In an interview with Bloomberg on Thursday, securities equity strategist Anna Han said the optimism in the US stock market is “odd to see,” since January is typically a month when investors stand down from high-risk assets.
“That’s not been the case this time. You’re seeing people bid for risk, and you’re seeing equities come out of the gates hot,” Han said. It might be because investor sentiment toward the end of last year and coming into 2023’s earning season was so poor, she added.
“Seeing that not as bad as feared sort of tone is helping equities rally,” Han said. But such investor appetite for risk likely won’t carry through the year, she added.

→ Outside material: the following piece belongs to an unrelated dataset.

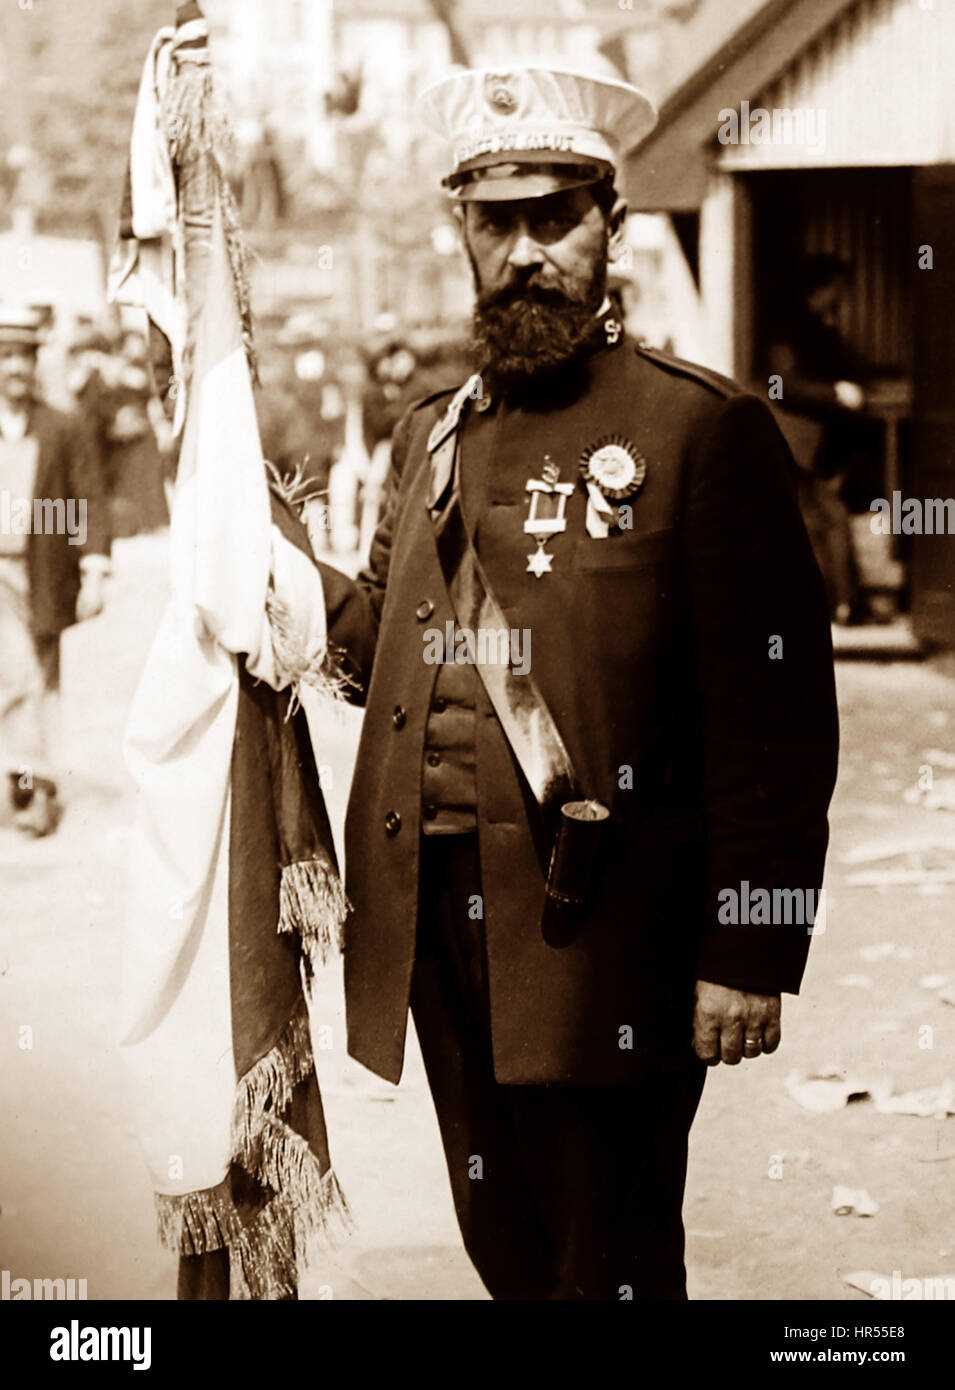 Armee du Salut - Salvation Army in France - early 1900s Stock Photo

“I think this risk appetite is more likely to be fleeting than long-lasting,” Han said.
The S&P 500, Nasdaq Composite and Dow Jones have all set off the year in the green, rising 5.75%, 9.99% and 2.42%, respectively. The three indexes got a further boost Thursday as investors cheered strong GDP data and Tesla earnings.

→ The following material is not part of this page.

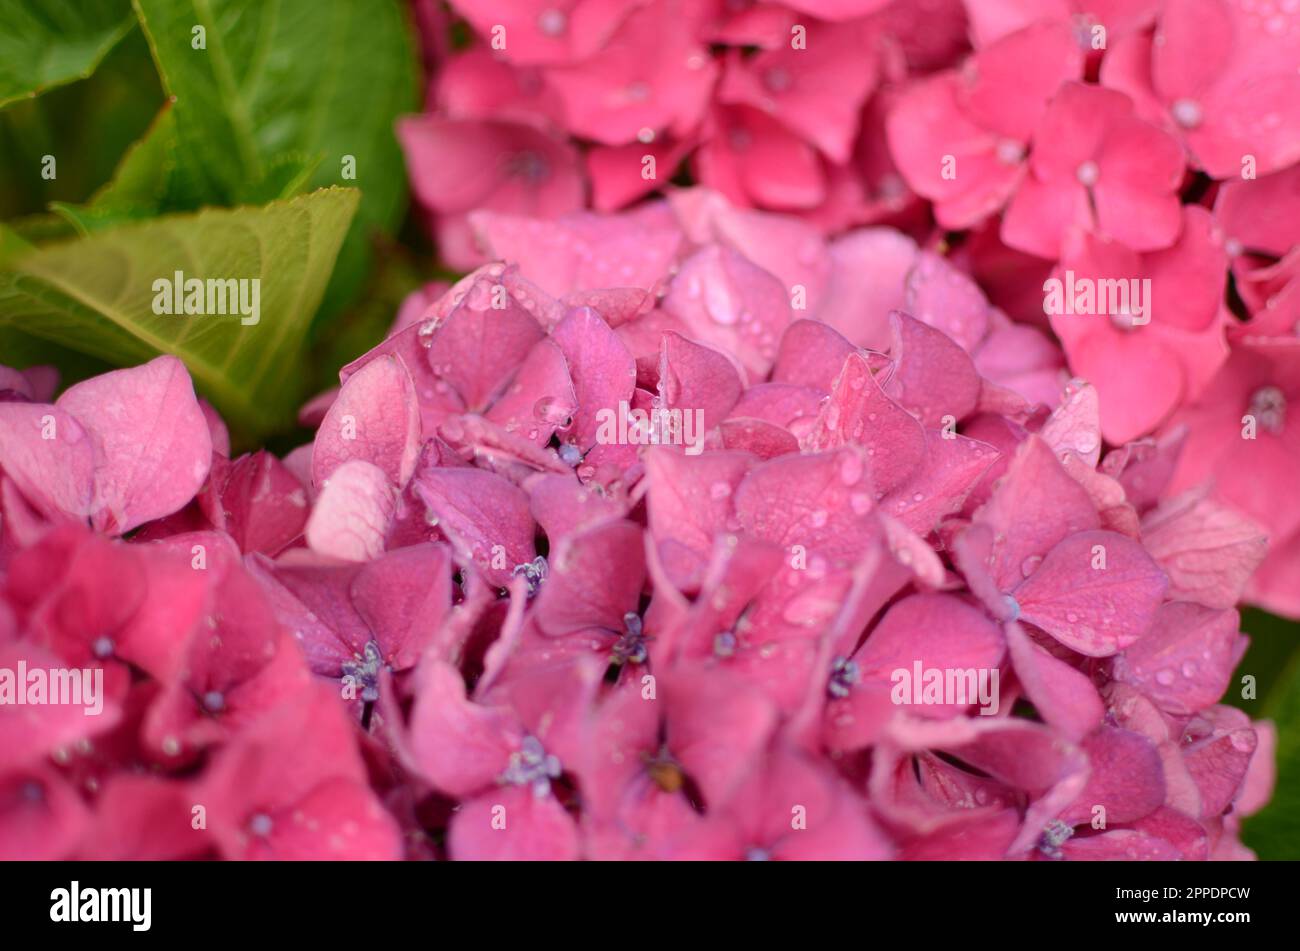 Pink Hydrangea Flowers With Water Droplets. Stock Photo

“I think right now, we’re getting a bit of that relief, but when you really lower the bar it’s hard to trip over,” Han said. “And yet what we’re seeing from earnings season is a tone, and also from economic data, that the consumer is somewhat healthy, they are slowly starting to pull back on their spending,” she added.
Meanwhile, corporates are cutting their earnings growth and feeling their margin pressures but it’s not such an aggressive contraction, Han continued.
In a recent report, the Bank of America noted that companies across the board are lowering their earnings outlooks for 2023 as fourth-quarter earnings season gets under way – and it’s an early sign of trouble.